**Problem to work on:** Reproduce the listing below from the line with "English Octagonal Satinwood" to the line with "England's Lawrence Dallaglio", both lines included, character for character, minus any pictures.

**Source material:**
=== Begin Enclosure ===
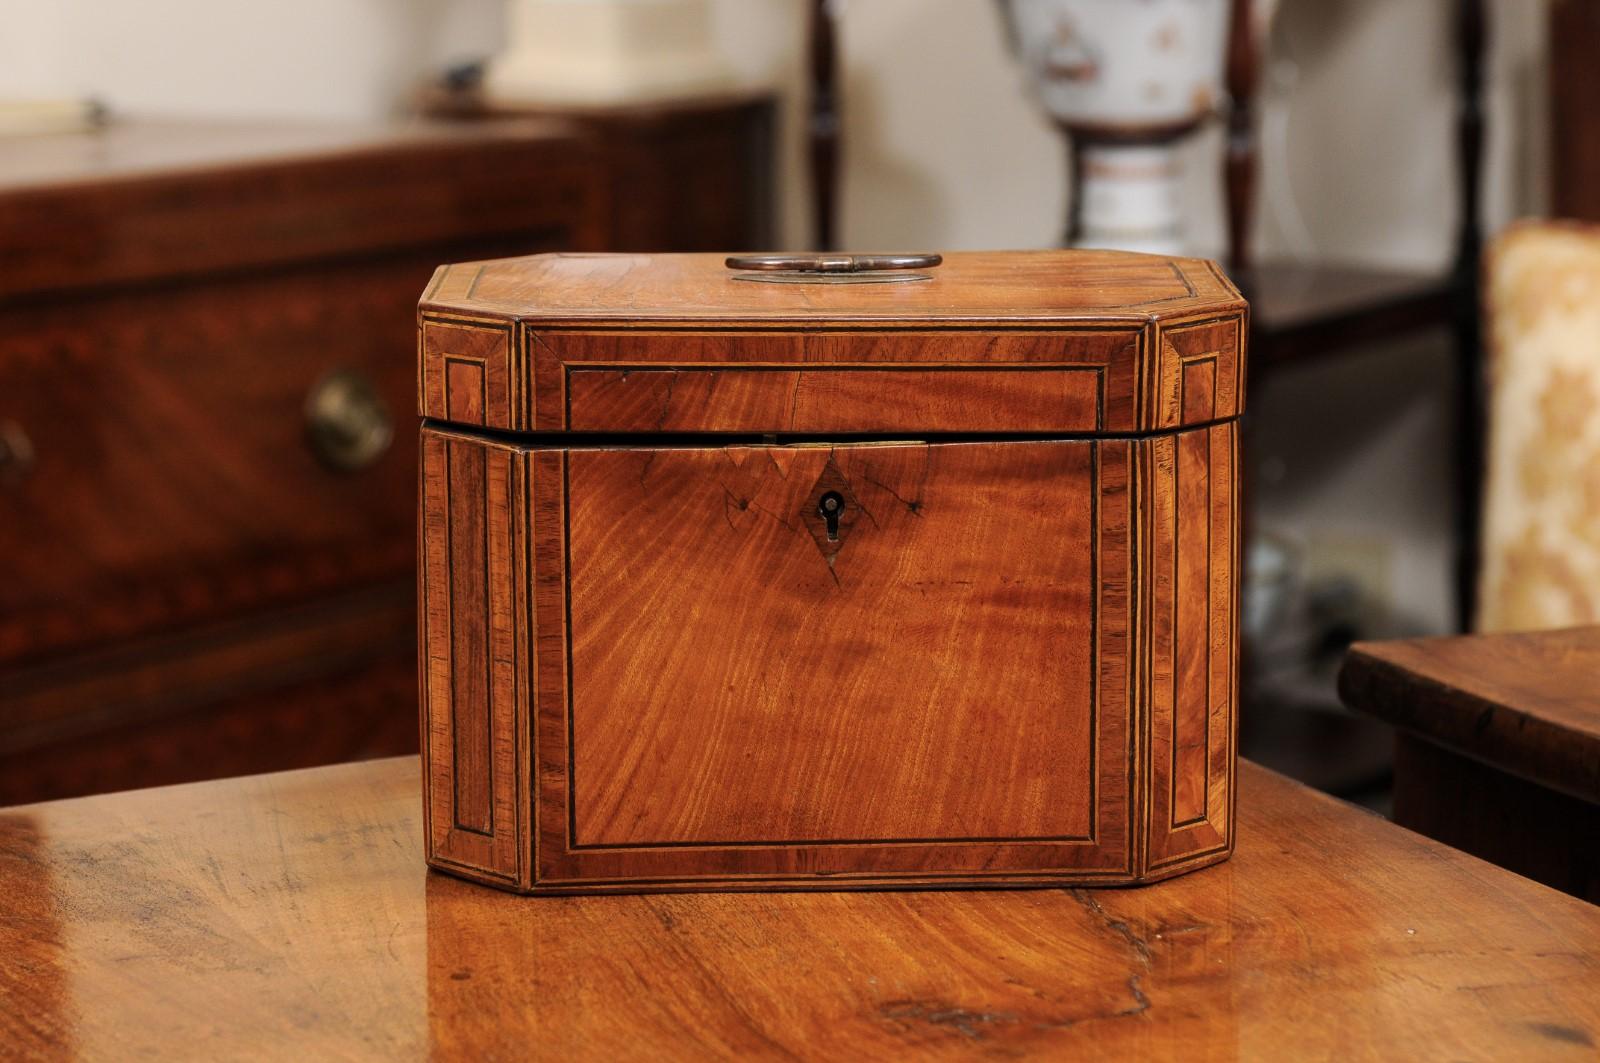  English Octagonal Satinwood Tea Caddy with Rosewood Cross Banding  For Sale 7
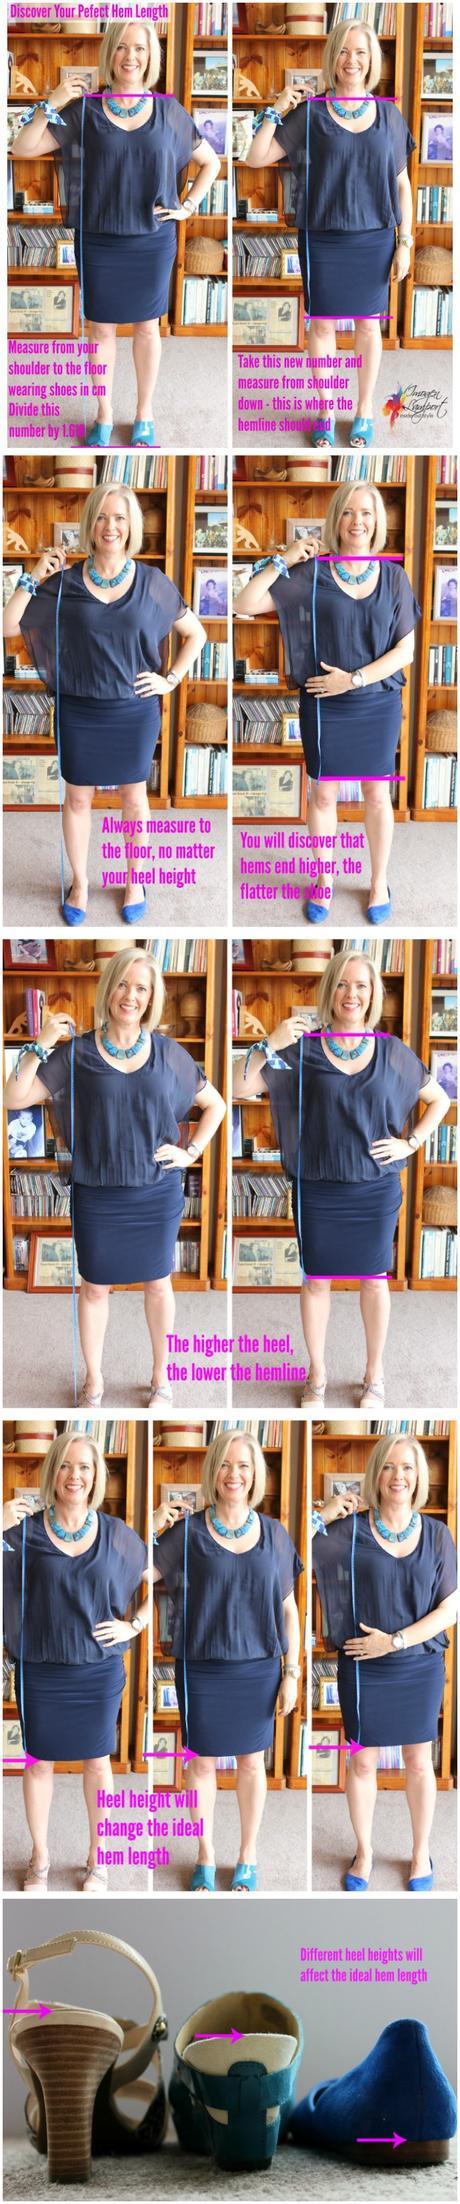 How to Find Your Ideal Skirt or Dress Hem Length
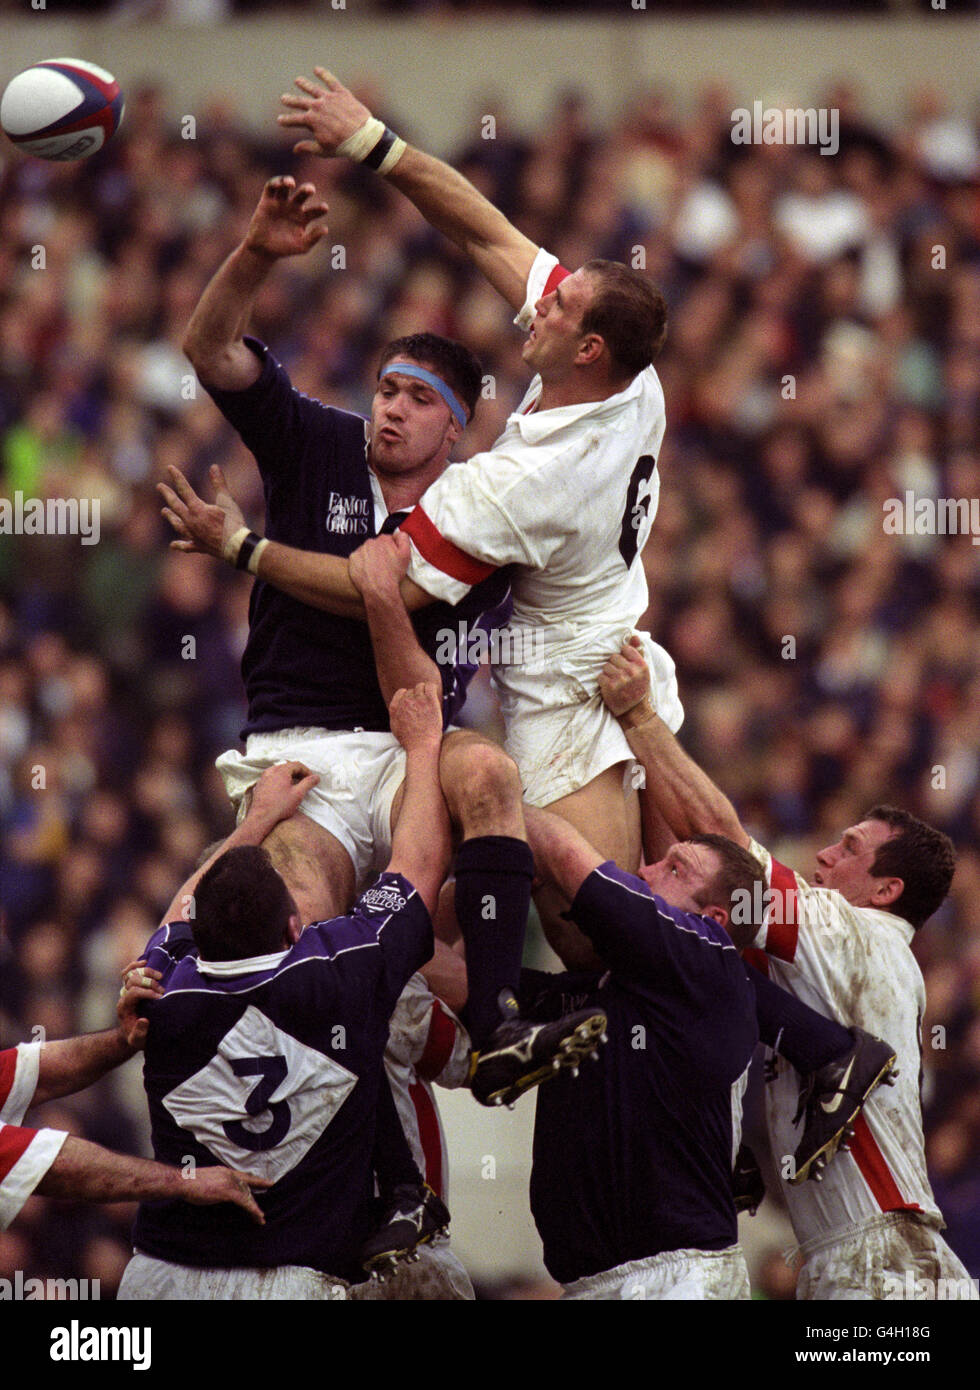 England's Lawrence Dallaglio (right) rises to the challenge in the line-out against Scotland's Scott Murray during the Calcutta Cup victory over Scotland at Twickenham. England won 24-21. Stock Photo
=== End Enclosure ===
=== Begin Enclosure ===
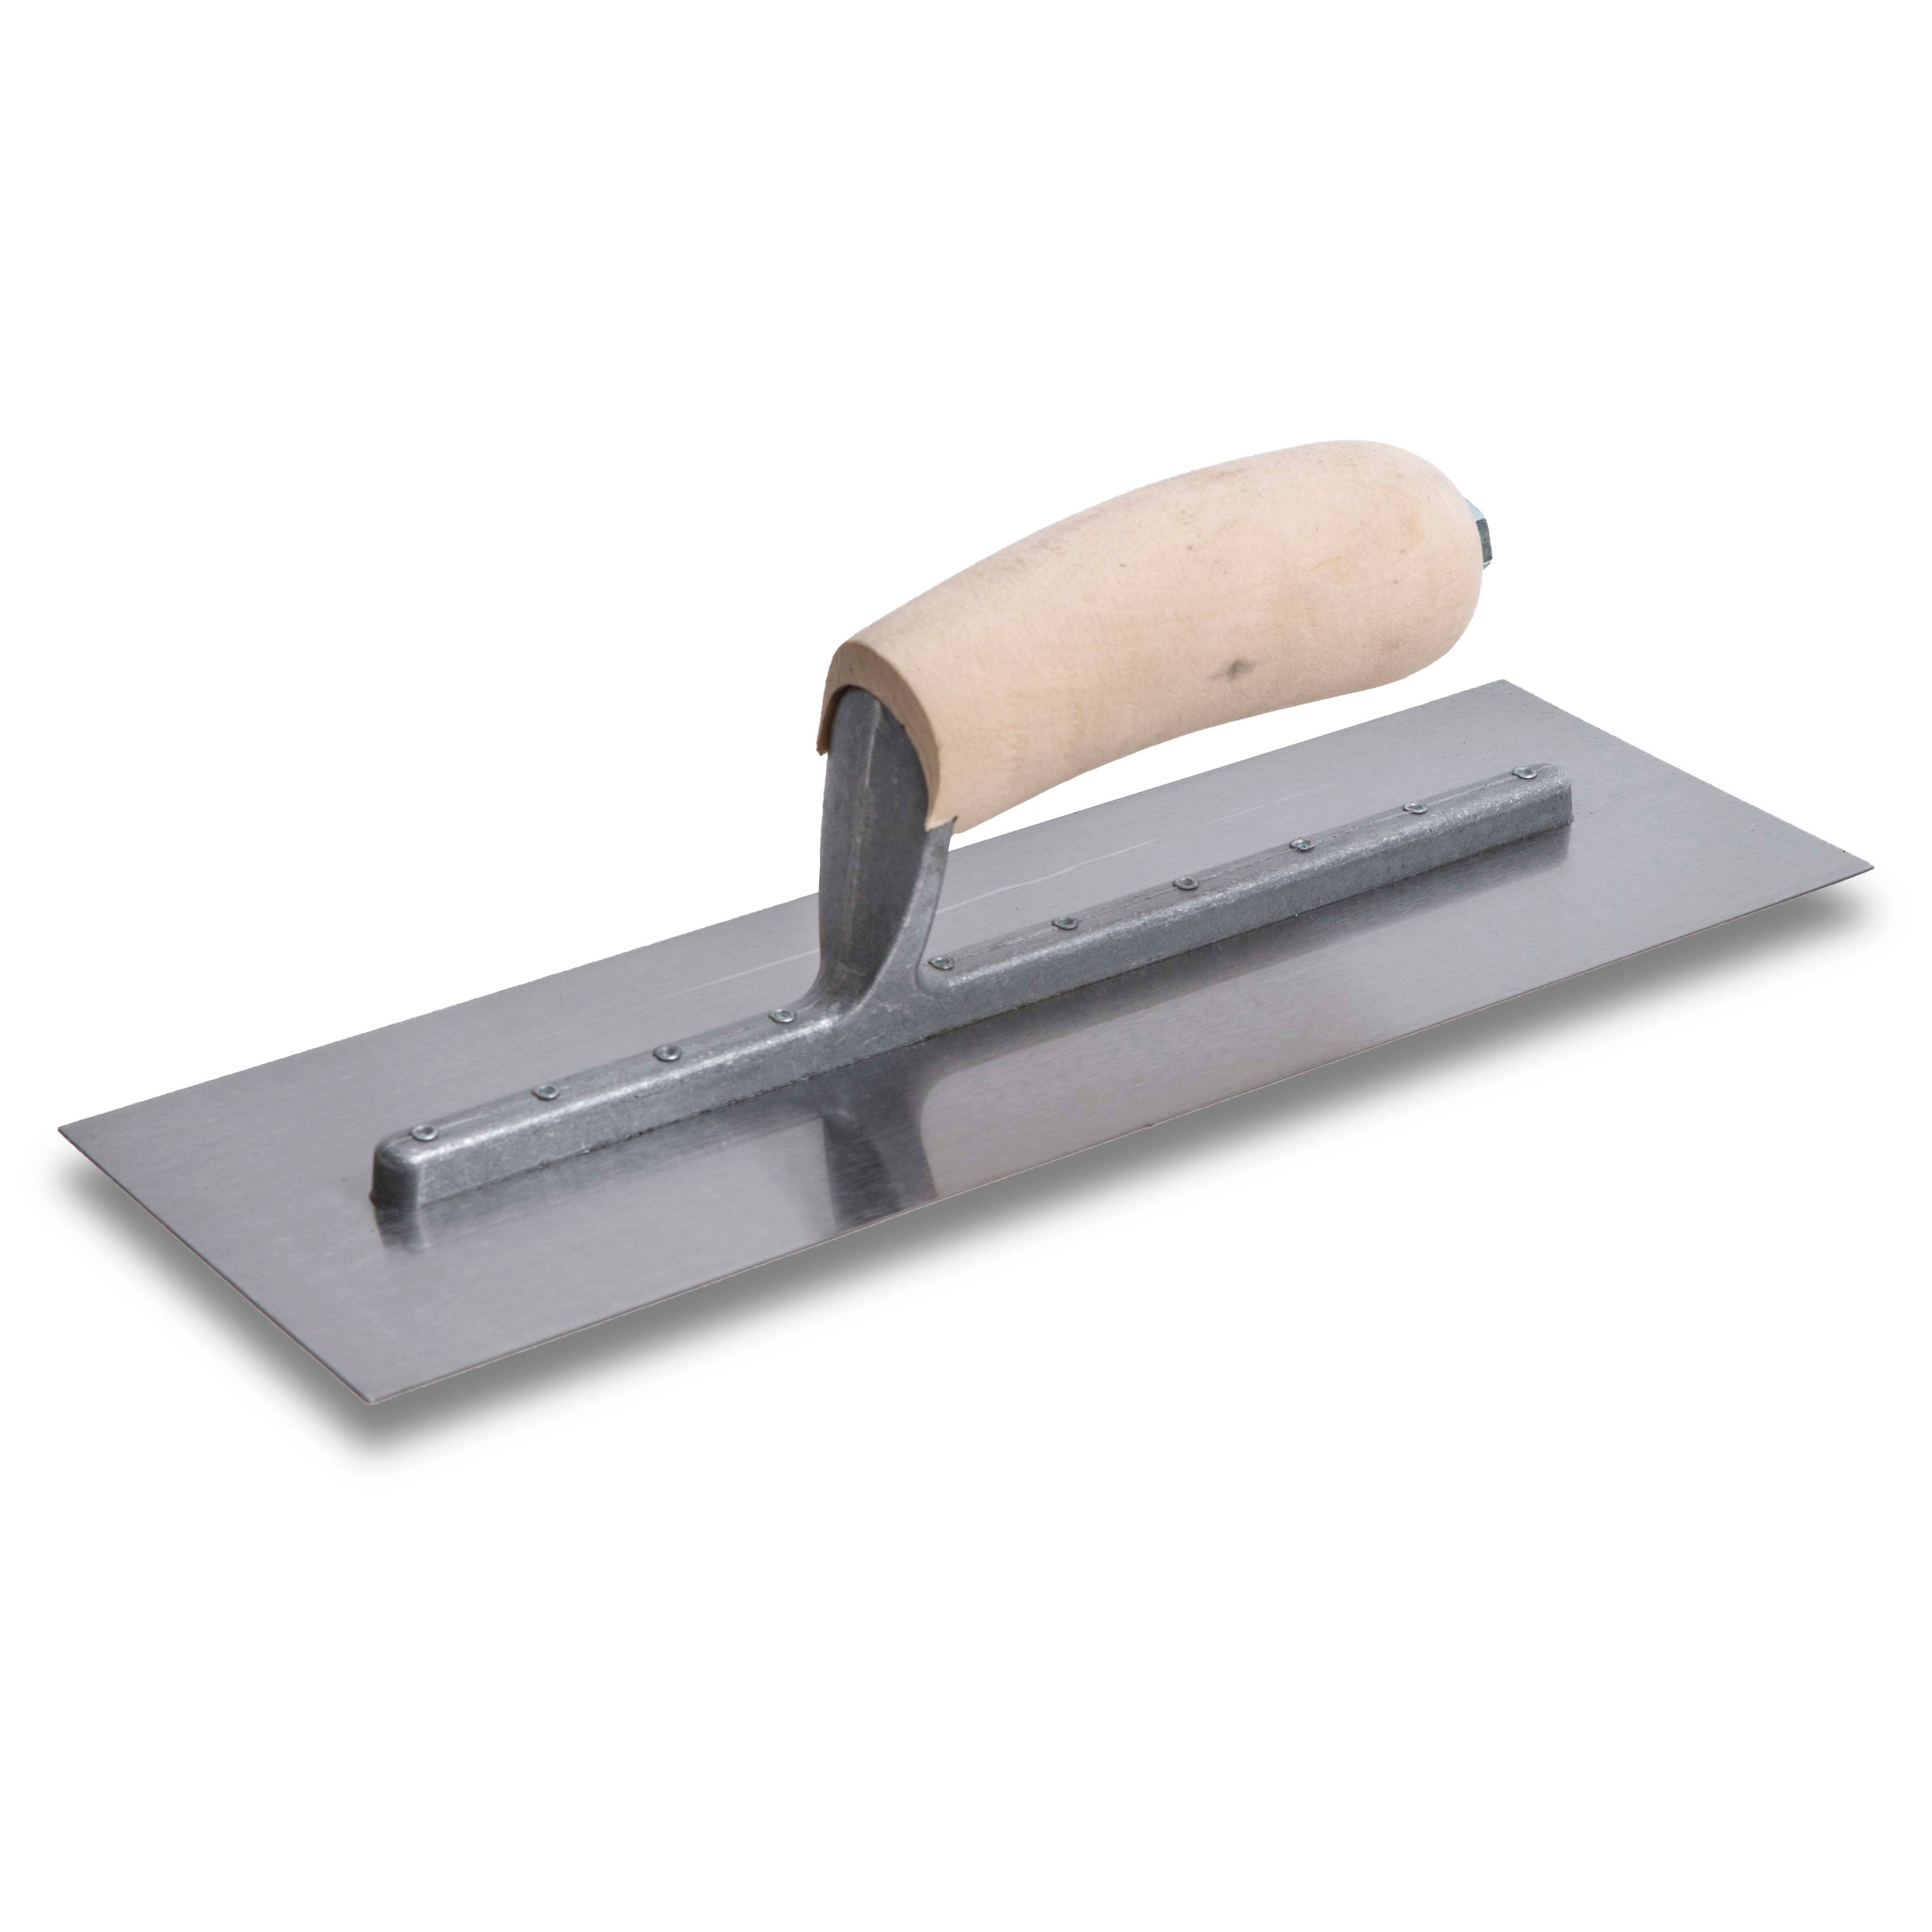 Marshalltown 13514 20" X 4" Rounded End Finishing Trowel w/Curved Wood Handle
=== End Enclosure ===
**Result for this exercise:**
  English Octagonal Satinwood Tea Caddy with Rosewood Cross Banding  For Sale 7
 How to Find Your Ideal Skirt or Dress Hem Length
 England's Lawrence Dallaglio (right) rises to the challenge in the line-out against Scotland's Scott Murray during the Calcutta Cup victory over Scotland at Twickenham. England won 24-21. Stock Photo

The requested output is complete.